Beijing is right to tread cautiously. It does not have unlimited fiscal room and the Chinese economy needs to deleverage – not risk adding more unproductive liabilities with potentially unproductive investments. The shift from an infrastructure and property-driven model, aiming at simply maximising headline GDP growth figures, is appropriate at China’s current stage of development. Nonetheless, the pressure on policymakers to reinvigorate animal spirits is real – including to support equity markets. Approximately 200mn Chinese people own stocks – principally the urban middle classes. This is a constituency the Chinese Communist Party can ill afford to alienate. Beijing is sensitive to the need to boost stocks off their current lows. At the very least, policymakers are determined to put a floor under Chinese equities. Since the Lunar New Year holiday, Beijing has deployed the so-called ‘National Team’ of state-owned financial entities to buy up Chinese stocks. The result has been a +13% rally for the CSI 300 from February’s low point.

The Chinese economy retains real strengths.
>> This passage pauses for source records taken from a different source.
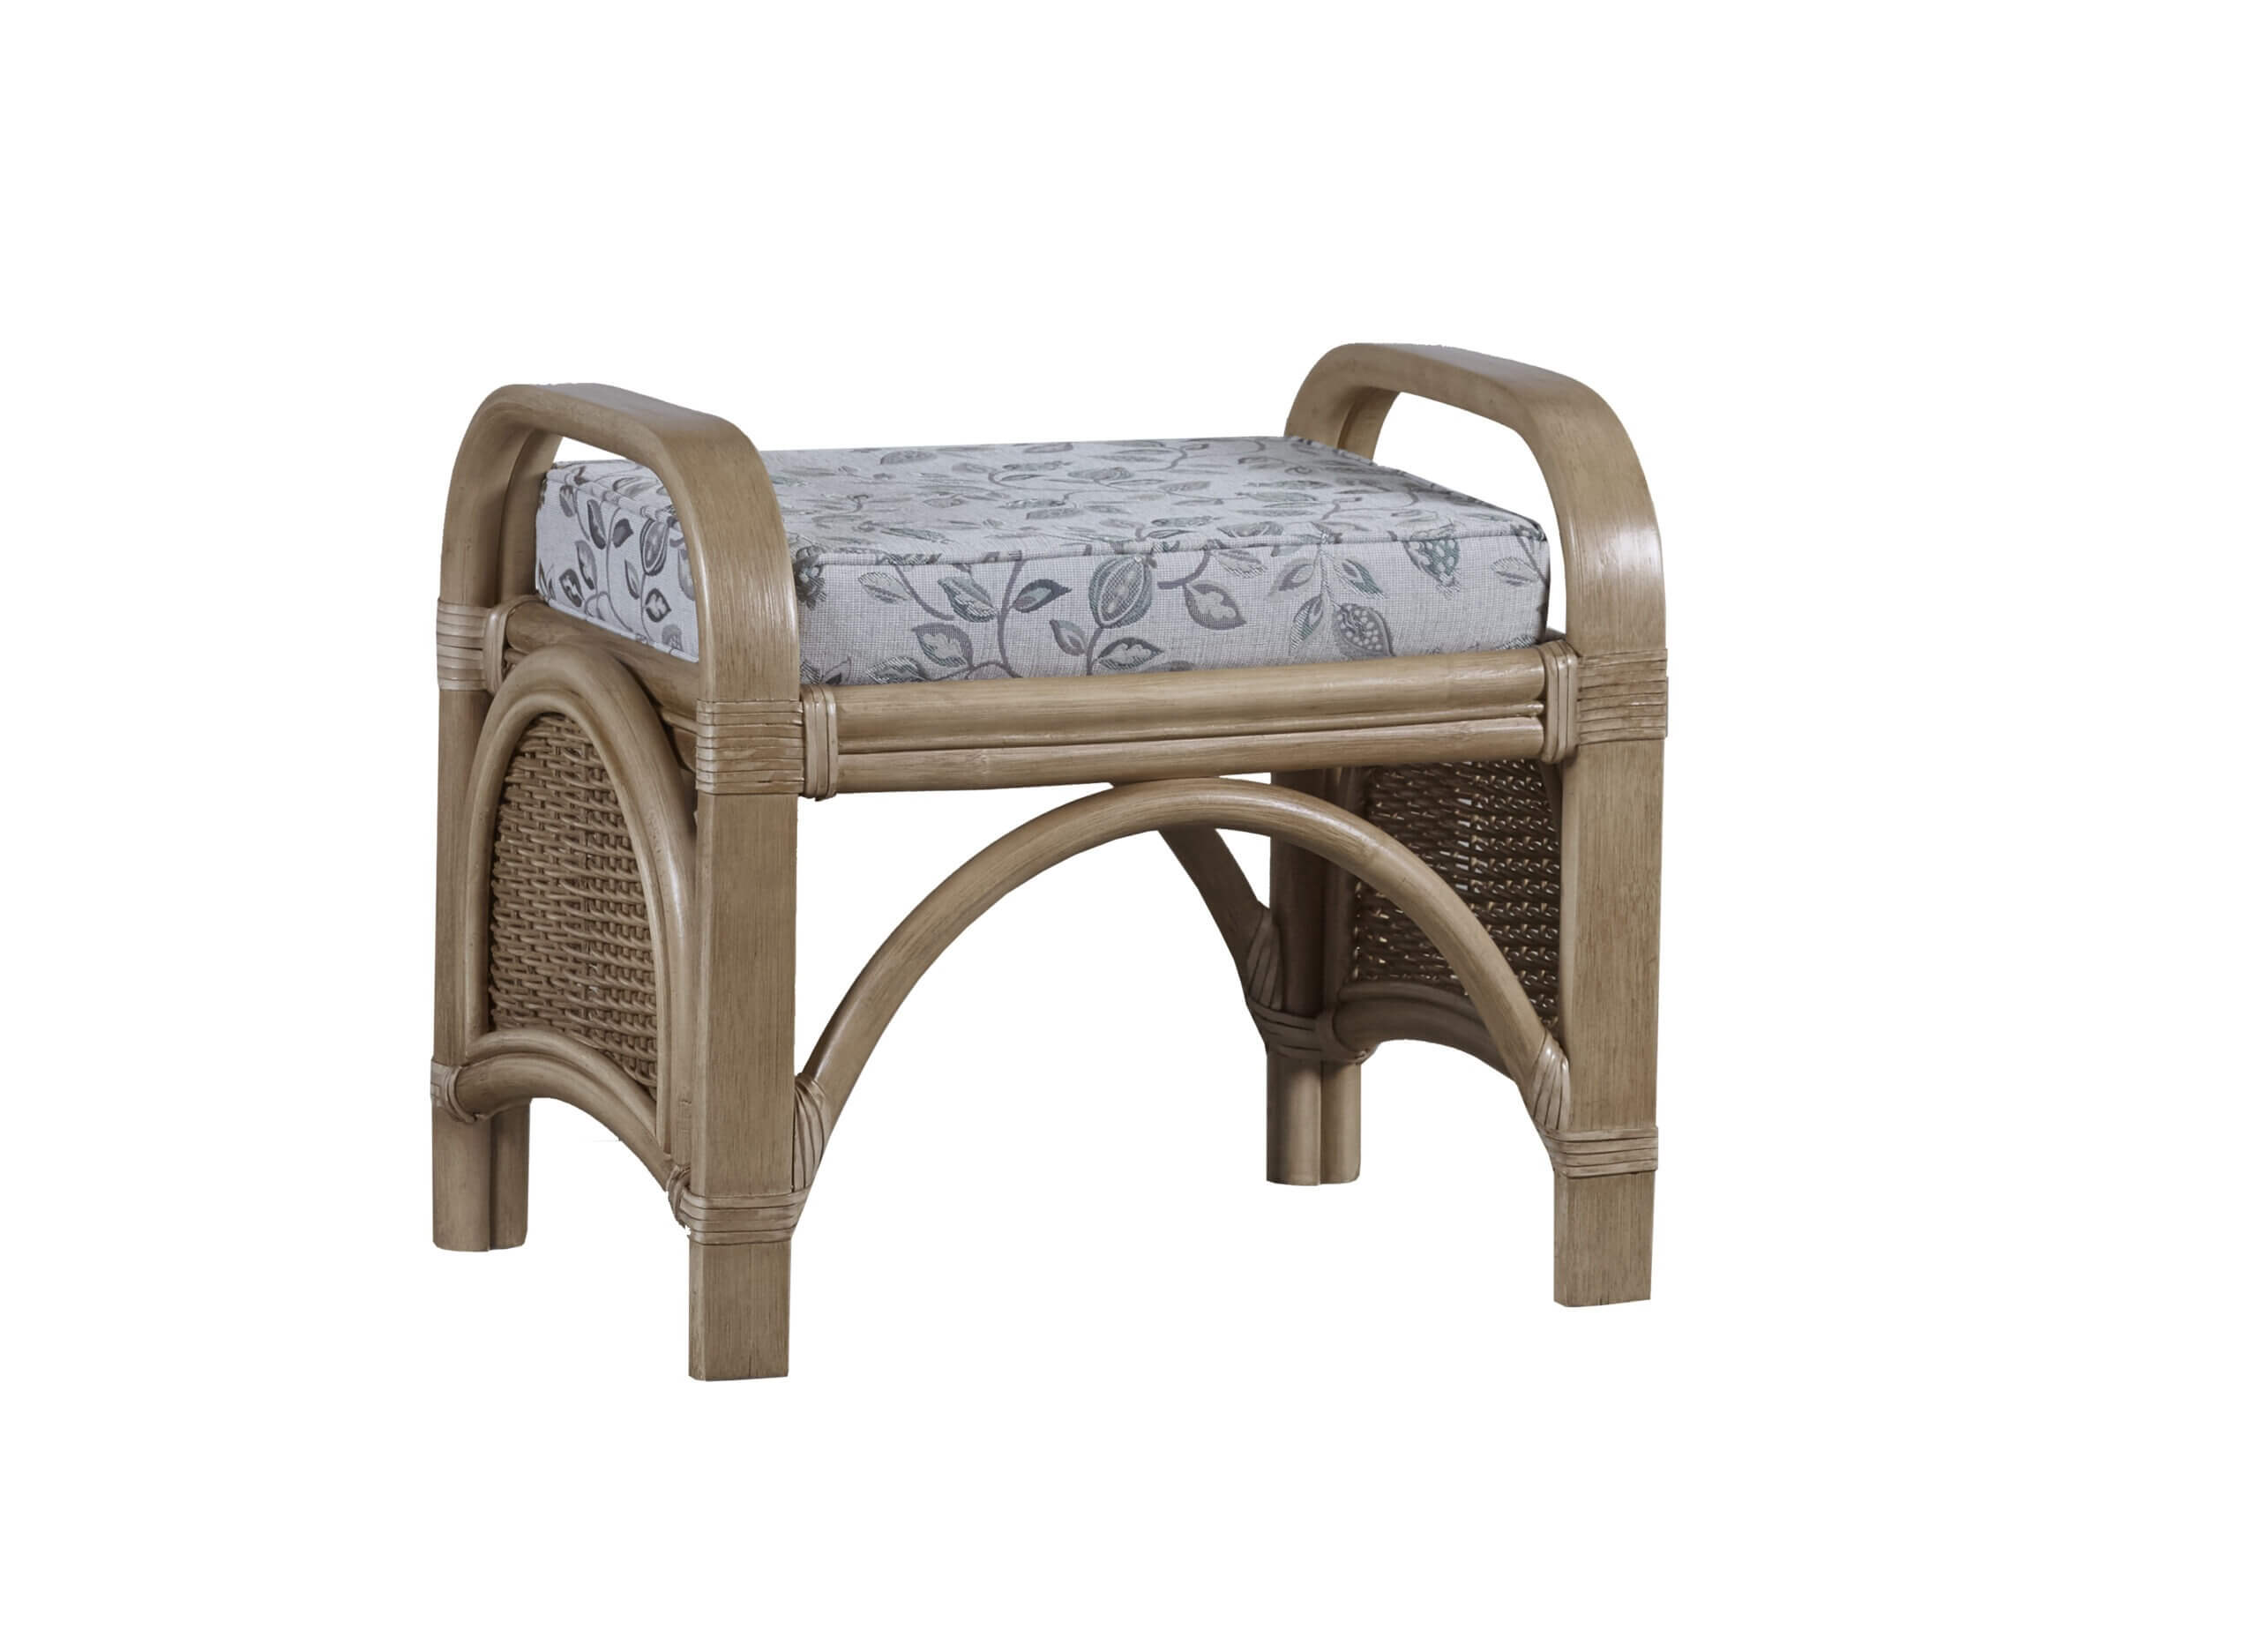 Showing image for Bari footstool
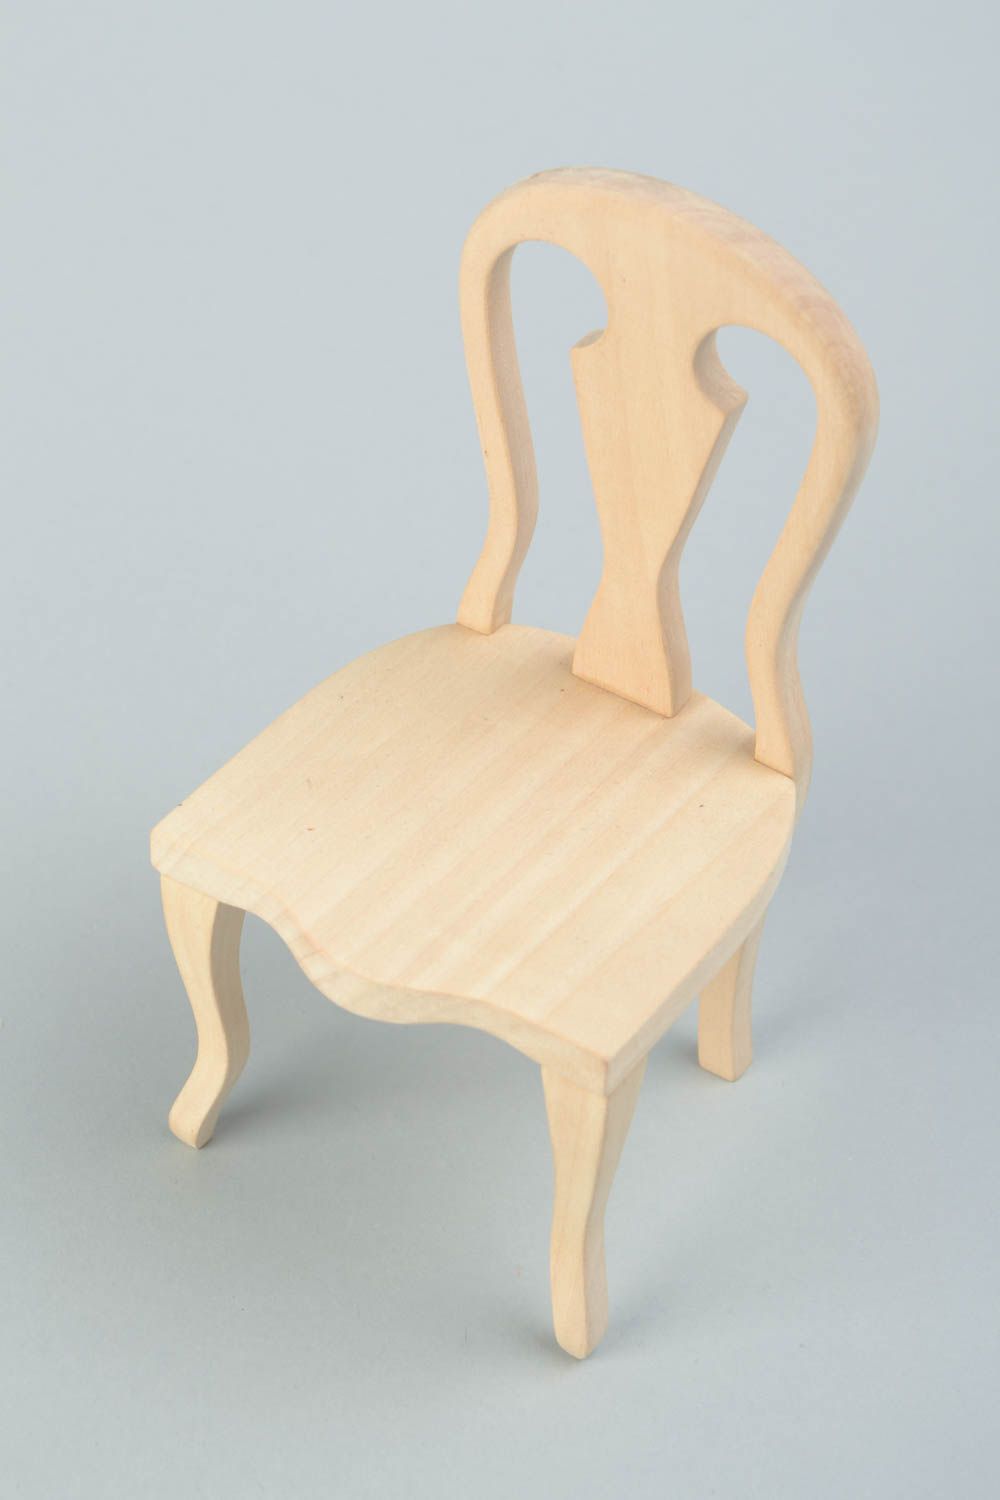 Handmade unfinished wooden doll furniture chair craft blank for creative work photo 1
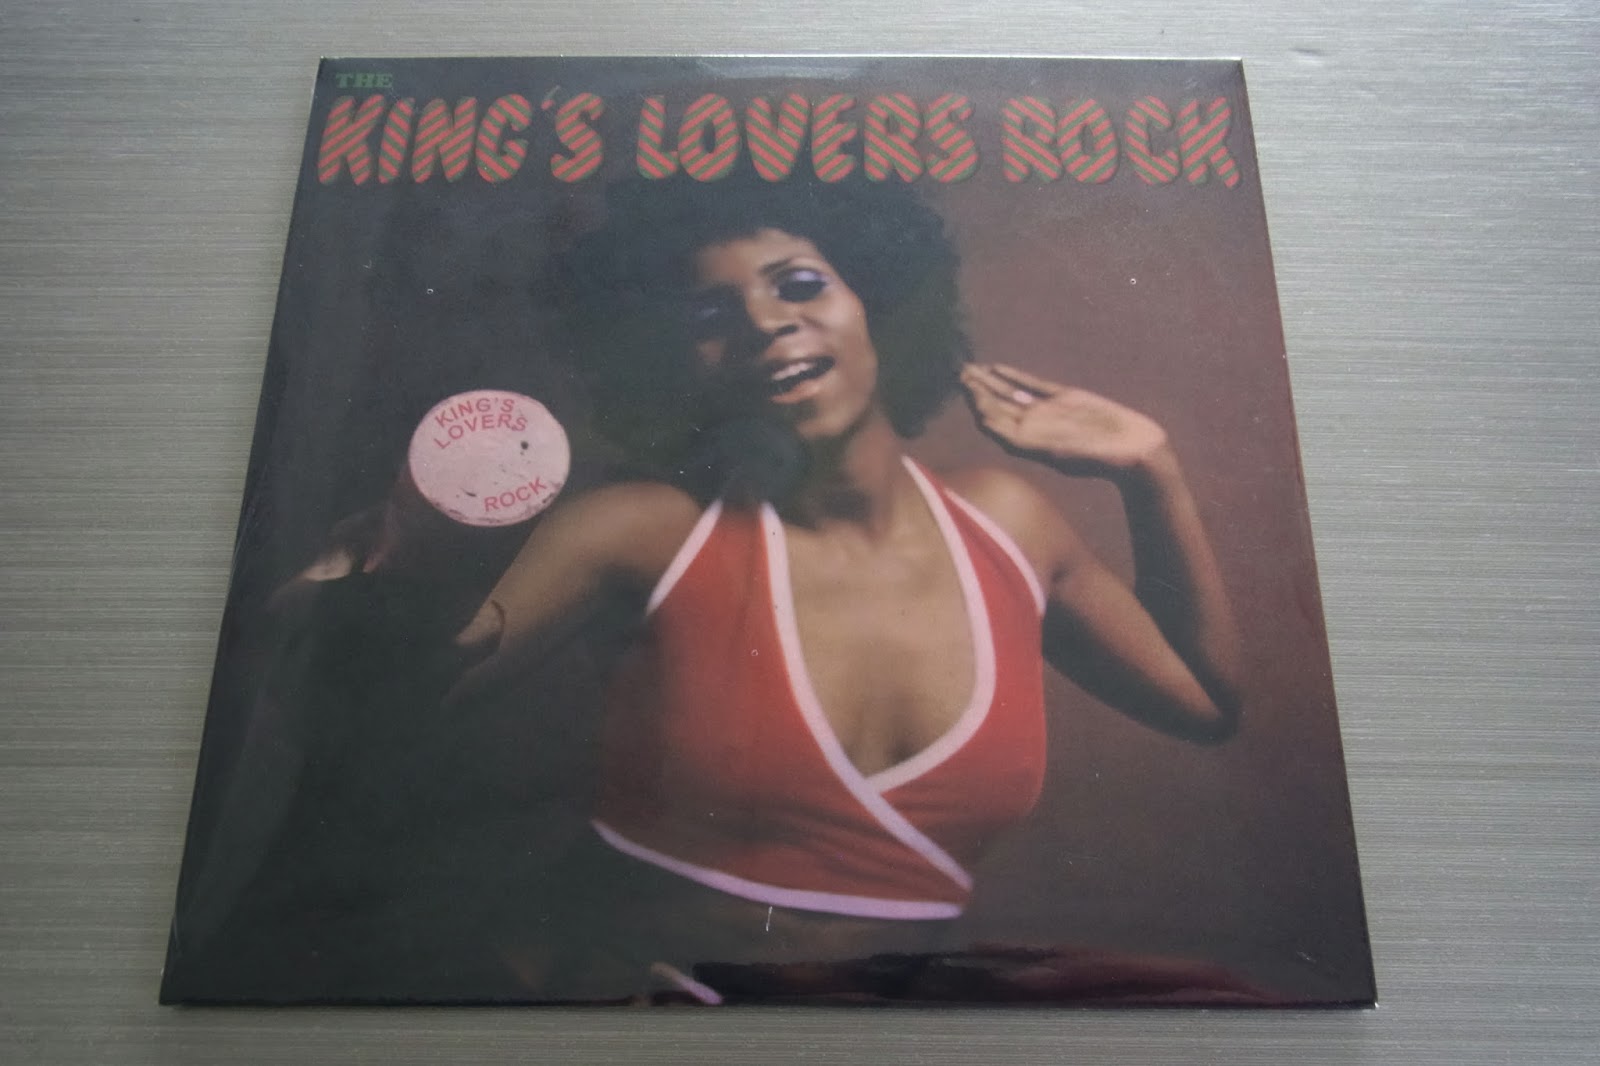 =spinners=: The KING’S LOVERS ROCK -MIX BY DJ MURO-1600 x 1066

Deeply discounted Chinese stocks may offer a convex opportunity.

For now, Chinese stocks at deeply depressed valuations represent a tactical opportunity. Booming AI champion NVIDIA’s market cap now exceeds that of all Hong Kong-listed Chinese H-Shares – hardly commensurate with the scale and potential of the world’s second-largest economy, even as it struggles with a notch down in its growth. Policymakers are looking to reorientate the economy away from the GDP-gains-at-all-costs approach of earlier eras and now emphasise ‘high-quality development’, with a greater emphasis on higher tech, future leading industries, and national economic security. It is not clear that they have a comprehensive plan to deliver on all this – and the current transition is creating uncertainty.

But the Chinese economy retains real strengths, that also spill into its equity markets. Chinese players are increasingly clear leaders in electric vehicles, batteries and other clean tech – all areas with strong global demand runways. Some in the Chinese internet space – hit hard in recent years – are finding international success, such as Schein and Pinduoduo (through its global platform, Temu). Domestic consumer demand may be muted but the recent Lunar New Year holiday saw it trending up, and Chinese consumers sit on large savings piles. They also increasingly favour homegrown brands, meaning domestic equities are the best place to gain exposure to a recovery of animal spirits. Chinese shares have plumbed similar valuation depths on four previous occasions in the last 20 years. On each occasion they benefited from strong tactical recoveries, generating between +39% and +88% of equity returns from trough to peak. Downside risks remain; for example, China policy may become a political football in the approaching US presidential election. But geopolitical headwinds are already heavily priced in. With expectations now so low, the opportunity looks convex.